Consequently, many are left struggling to find employment often lapsing into depression as they become aware of their own seemingly insignificance. Others are caught up into a system that promises much, but gives little that is lasting in return except an endless cycle of pointless pleasure and a constant desire for consumption. Almost everything in a technological society focuses on means; all aims and purposes are forgotten under the continual urge for progress with technology and efficiency becoming an end in itself.

Everyone is caught up in the system, and few know where they are going. So human beings become just another means in the technological cycle. When we cease to be technologically useful, we are discarded and thrown onto the scrapheap of life. Similarly, we end up going nowhere at greater and greater speed. We have been sold the illusion of freedom, choice and individuality. Thus, we have become slaves to an all-encompassing system, which shapes us and conforms us into its image and usefulness.

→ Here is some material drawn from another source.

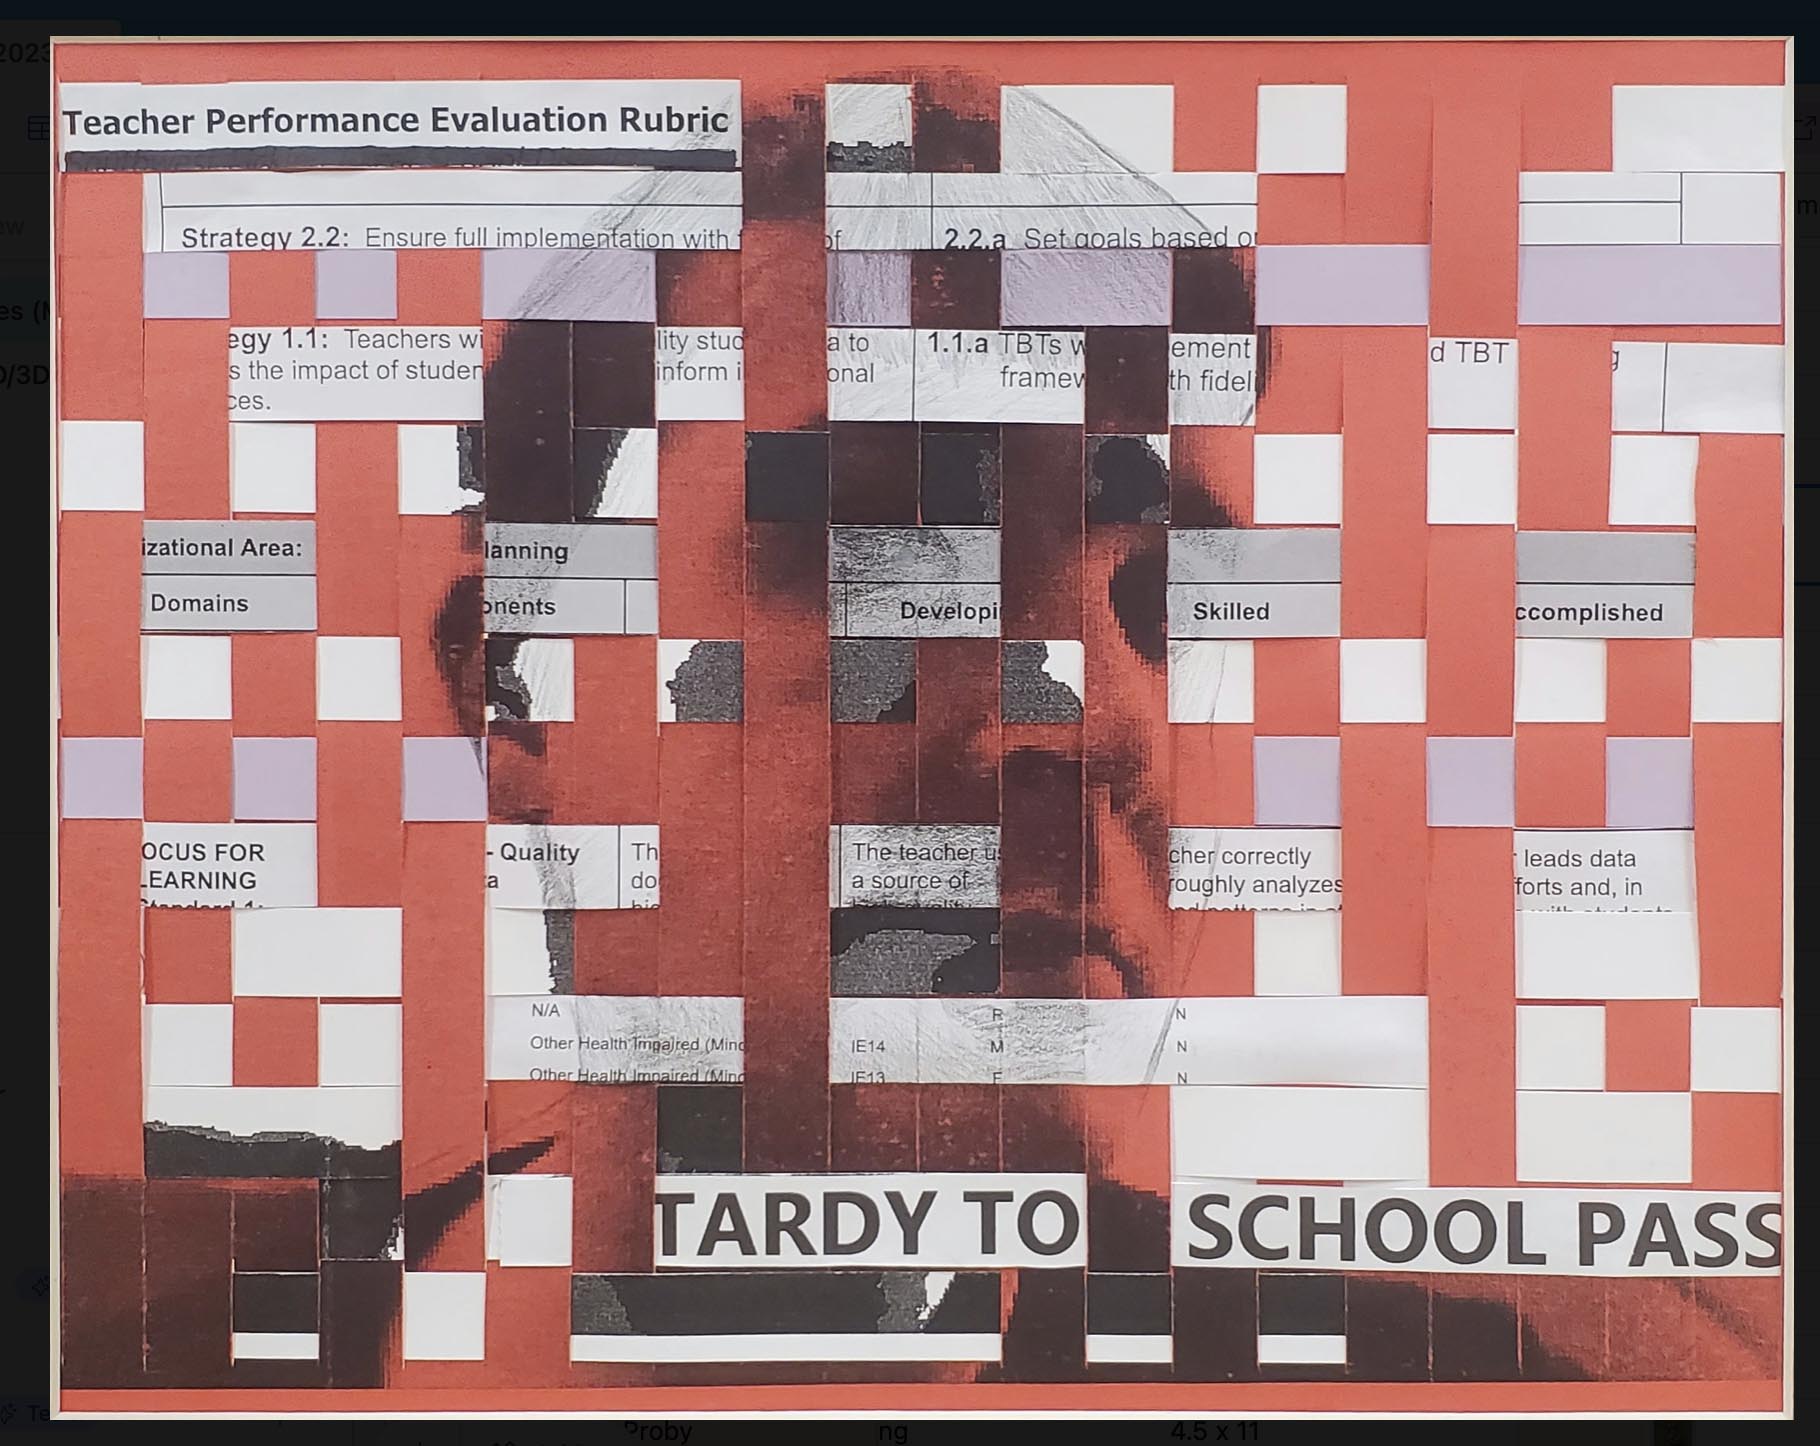 Red-tinted photograph of a light-skinned man making a disgruntled face. Squares and rectangles are cut out in a checkerboard-like pattern on the photo, revealing a teacher evaluation rubric paper underneath. The piece has a distinct collage-like quality to it.

Many have inadvertently looked to technology for hope to get us out the mess created by technology. However, it is false hope. Hope is ultimately found in the Creator, and in the purposes for which we were created. It is not that technology brings no benefits it as many. However, it is when technology and the system it encourages are uncritically accepted that it becomes an end in itself that the problems arise. The result is not only dehumanisation but also disenchantment in a world that has been stripped of meaning and mystery. Today’s world is in desperate need of mystery and of the enchantment that originates from a deep and meaningful encounter with the living God. Only, such an encounter can move us beyond the disfigurement and despair created by technology and its systems. It does so, by reorientating us around the kingdom of God in all its mystery and enchantment.